I’ve been working on monthly report creation to show flow totals and pump run times for some wells.
The PLCs have flow totalizers and pump elapsed run time meters running and are reset daily. The flow totalizer and pump elapsed run time meter tags are being historized.
I have tag historian query data source configured for these tags in the report and am looking for the max values. This data is then populated in a table. I have tried all the sample size methods and various combination of the advanced settings. I get a lot of good, verified data (when compared to the actual tag data where I can still see it).
I also get some odd, patterned erroneous data. When a well was run for a short duration, I get small diminishing flow totals populated in my table for the next several succeeding days and no run time data (0). It’s very patterned across all the wells, like diminishing an even amount each day.
I also get the odd run time data with no flow total data, but that’s pretty uncommon.
Instead of dividing the flow totals by 1,000,000, I populated a test report with gallons to look at the decreasing sequences and did the math. They decrease by exactly the same amount within a sequence, down to a thousandth of a gallon. Each sequence decreases by a unique set amount, but within a sequence, same number.

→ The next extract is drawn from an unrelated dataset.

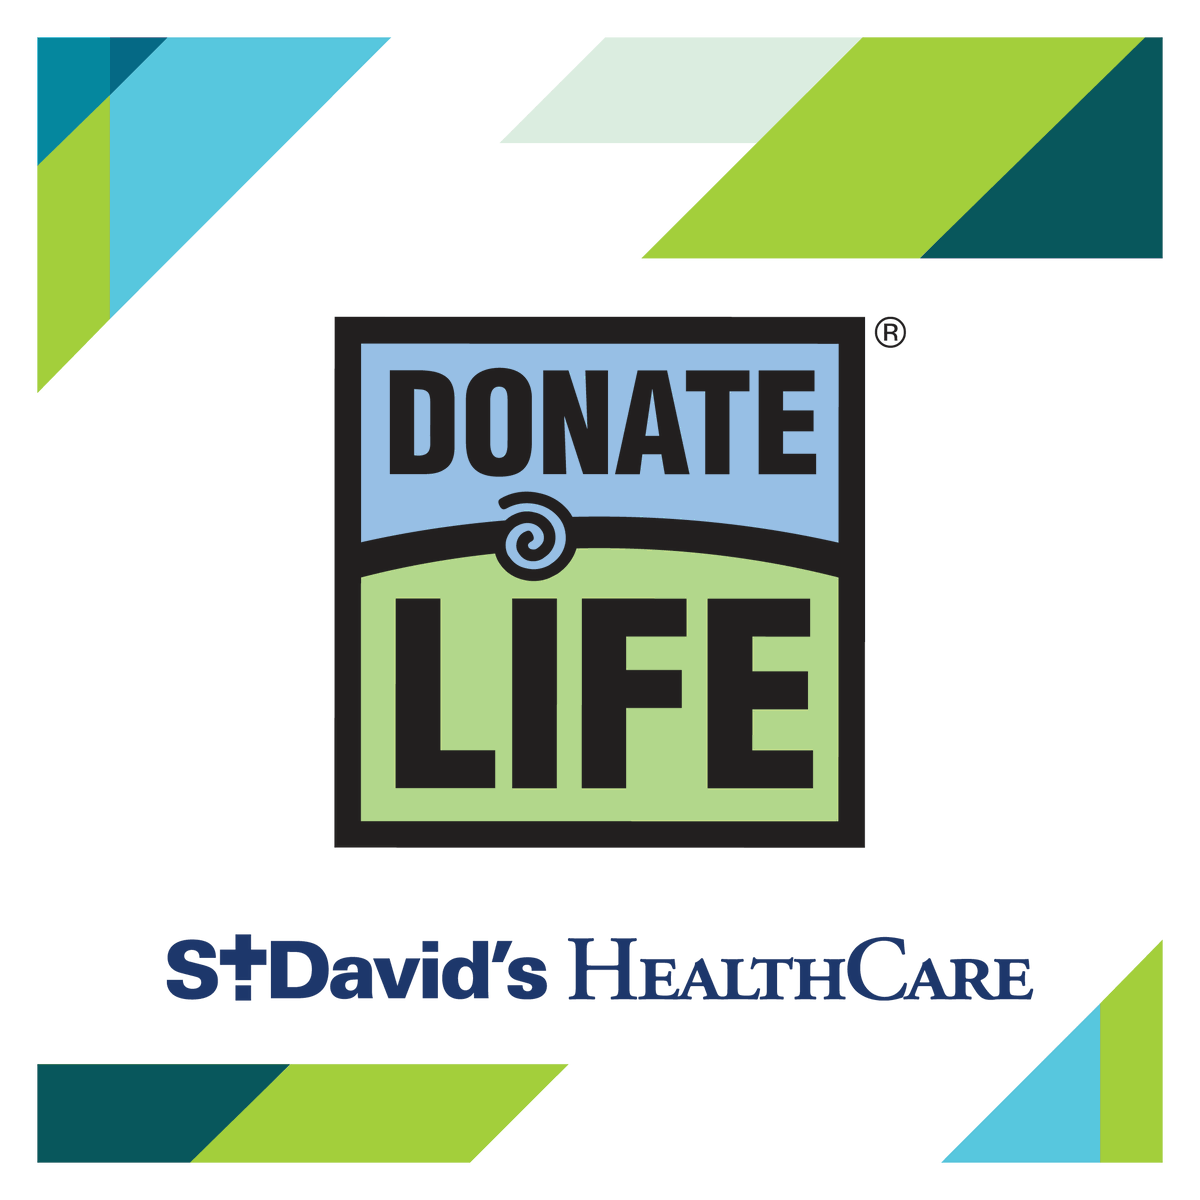 #DYK that: - More than 100,000 people are waiting for lifesaving organ transplants - 86% of patients waiting are in need of a kidney - In 2023, 6,953 more lives were saved because of living donors To learn about our kidney transplant program, visit: stdavids.com/specialties/ki…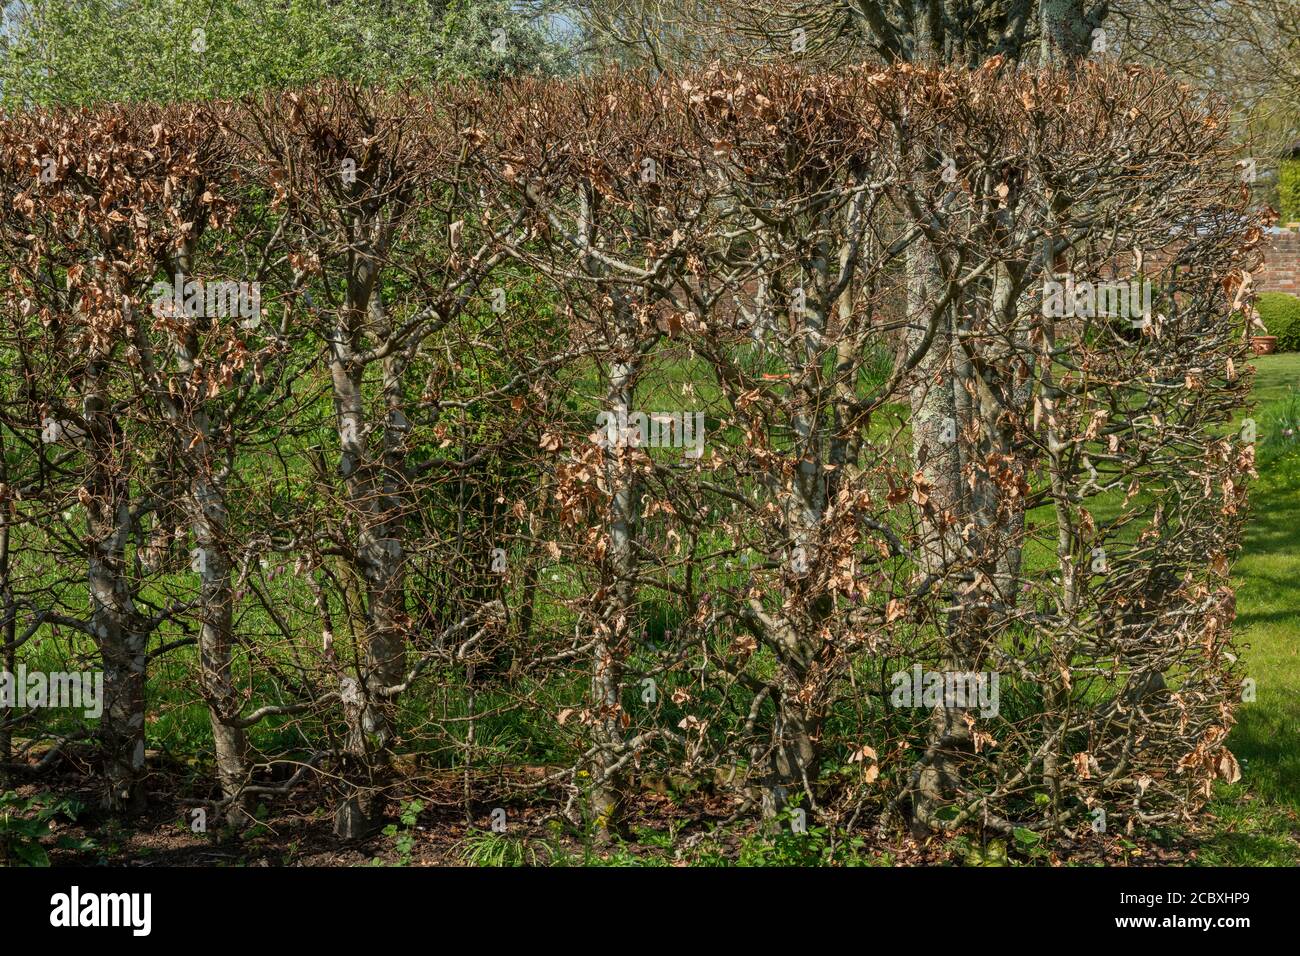 Beech hedge with leaves, juvenile foliage, retained, through the winter. Stock Photo

Sounds like you are trying to totalize with floating point registers. As the absolute value gets larger, the amount of precision when adding small increments greatly diminishes, and you effectively reach the point where the typical increment is indistinguishable from zero (in the floating point range).
The typical, relatively robust, way to avoid this requires two registers--a 32-bit integer for the whole number part of the total, and a 32-bit float for the fractional part, where the latter is constrained to 0.0 ≤ x <1.0. The PLC would multiply time interval and subject rate and add to the float. Then, if ≥ 1.0, add the whole part to the integer and keep just the fraction in the float.
Record the integer part at regular intervals, and never reset it. (Let it roll over like an odometer.)